Type: Improvement Priority: Major - P3
Reporter: Dmitry Ryabtsev Assignee: [DO NOT USE] Backlog - Sharding NYC
Resolution: Won't Do Votes: 1
Labels: None
Remaining Estimate: Not Specified
Time Spent: Not Specified
Original Estimate: Not Specified

Issue Links:
Related
Assigned Teams:
Sharding NYC
Sprint: Sharding 17 (07/15/16), Sharding 18 (08/05/16)
Participants:
Case:

 Description   

Currently the 16Mb response size limit prevents sharding an existing large collection if doing so would generate too many initial split points.

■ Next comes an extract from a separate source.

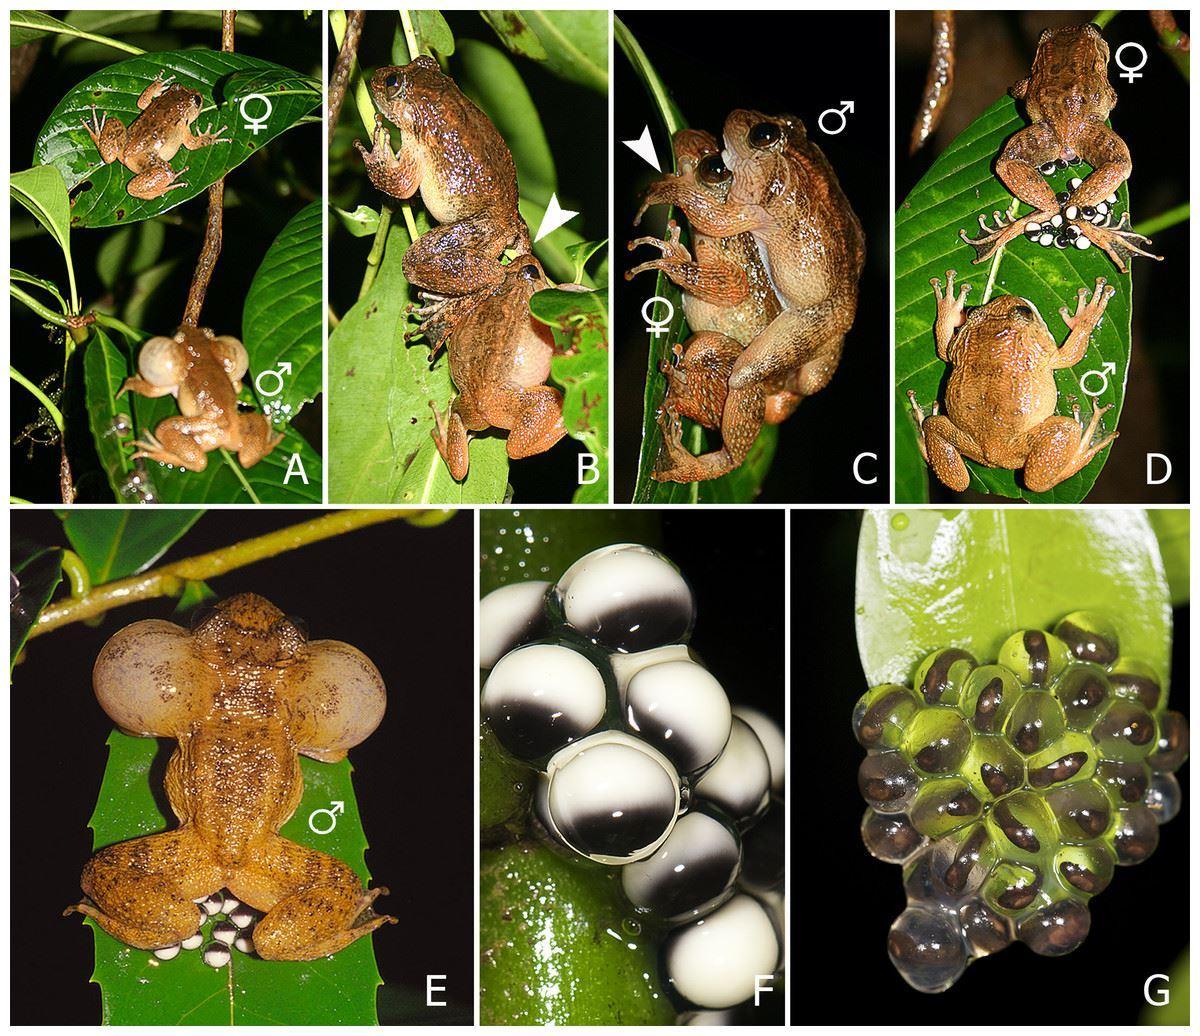 у лягушек обнаружили седьмой способ оплодотворения

Changing splitVector to return a cursor should allow us to shard arbitrarily large existing collections without needing to increase the chunk size.

Original Summary: splitVector fails if the document containing the split points exceeds 16 Mb limit

Original Description: Generally that's the case when either initial split happens for a large collection and/or the chunks size is configured to be small.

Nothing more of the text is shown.